NotFoundError: Error code: 404 - {'error': {'message': 'The model `gpt-4o` does not exist or you do not have access to it.', 'type': 'invalid_request_error', 'param': None, 'code': 'model_not_found'}}

### Encode images
To pass an image to the model, first turn it into a base64-encoded string.

In [None]:
# Image path
IMAGE_PATH = "data/receipt-01.png"

# Encode the image file as a base64 string
def encode_image(image_path):
  with open(image_path, "rb") as image_file:
    return base64.b64encode(image_file.read()).decode("utf-8")

base64_image = encode_image(IMAGE_PATH)

### Prompt GPT-4o using an image
Next, pass the image in the messages object by setting the `type` to `image_url`.

In [None]:

# Pass the image to GPT-4o anlong with a prompt.
response = client.chat.completions.create(
  model="gpt-4o",
  messages=[
    {
      "role": "system",
      "content": "Answer the quesiton based on the provided image."
    },
    {
      "role": "user",
      "content": [
        {
            "type": "text",
            "text": "What store is this receipt from?"
        },
        {
          "type": "image_url", 
          "image_url": {
            "url": f"data:image/png;base64,{base64_image}"
          }
        }
      ]
    }
  ],
  temperature=0.0,
)

# Print the response
print(response.choices[0].message.content)
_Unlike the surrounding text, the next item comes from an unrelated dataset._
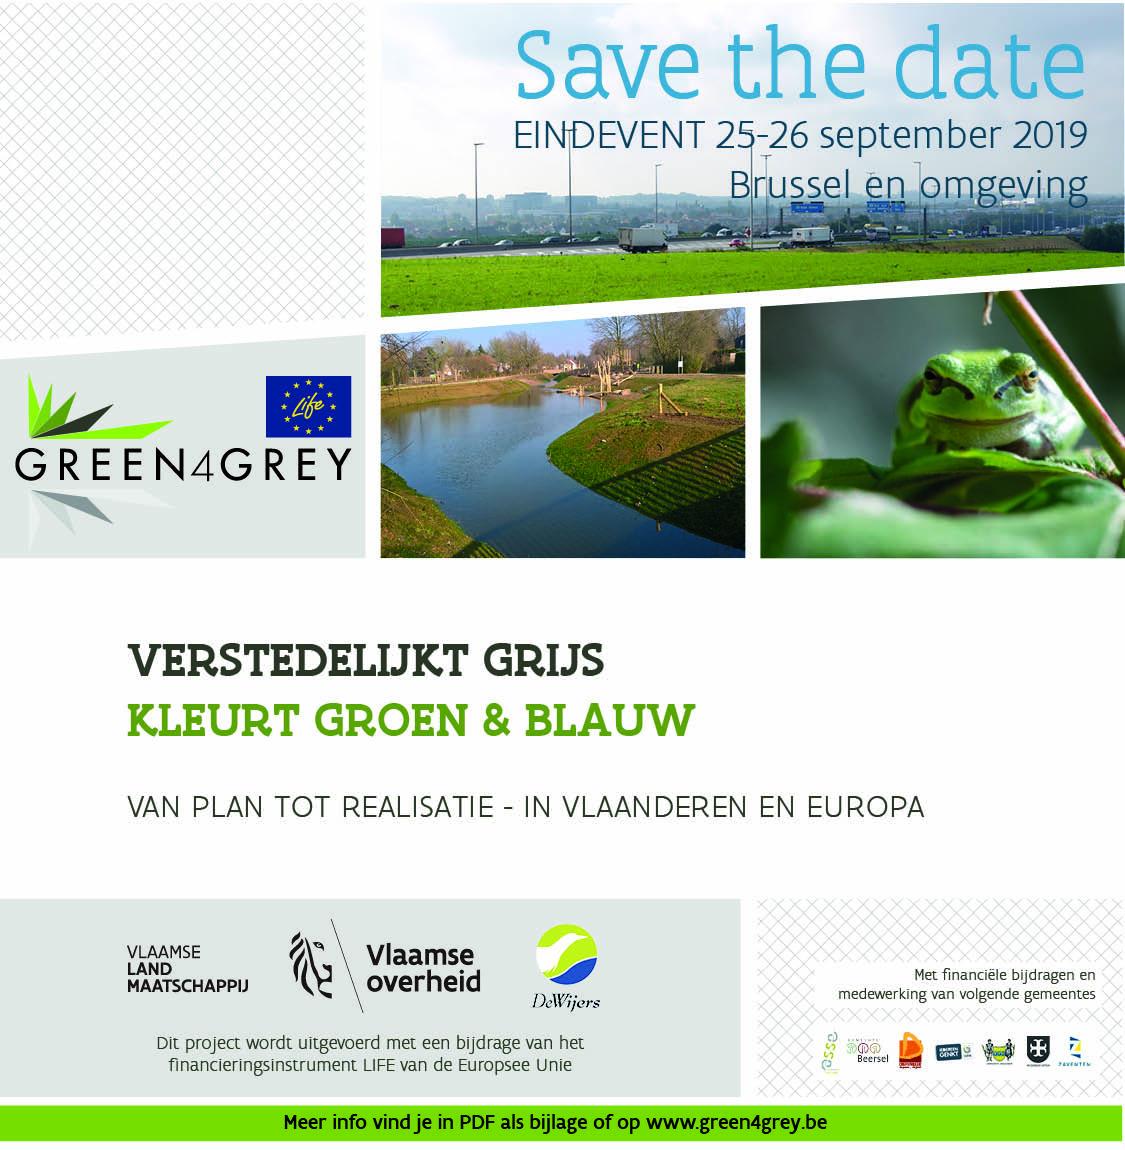 Foto toont meer info over het eindevent Green4Grey Verstedelijkt grijs kleurt groen en blauw

### Get structured data from GPT-4o
To get the output as JSON, specify JSON output in the system message and set the `response_format` parameter to `{"type": "json_object"}`.

In [None]:
response = client.chat.completions.create(
  model="gpt-4o",
  messages=[
    {
      "role": "system",
      "content": "If the image is a receipt, output store, purchase date, items, taxes, and total as JSON. If it's not a receipt, ask for a receipt."
    },
    {
      "role": "user",
      "content": [
        {
          "type": "image_url",
          "image_url": {
            "url": f"data:image/png;base64,{base64_image}"
          }
        }
      ]
    }
  ],
  temperature=0.0,
  response_format={ "type": "json_object" }
)

print(response.choices[0].message.content)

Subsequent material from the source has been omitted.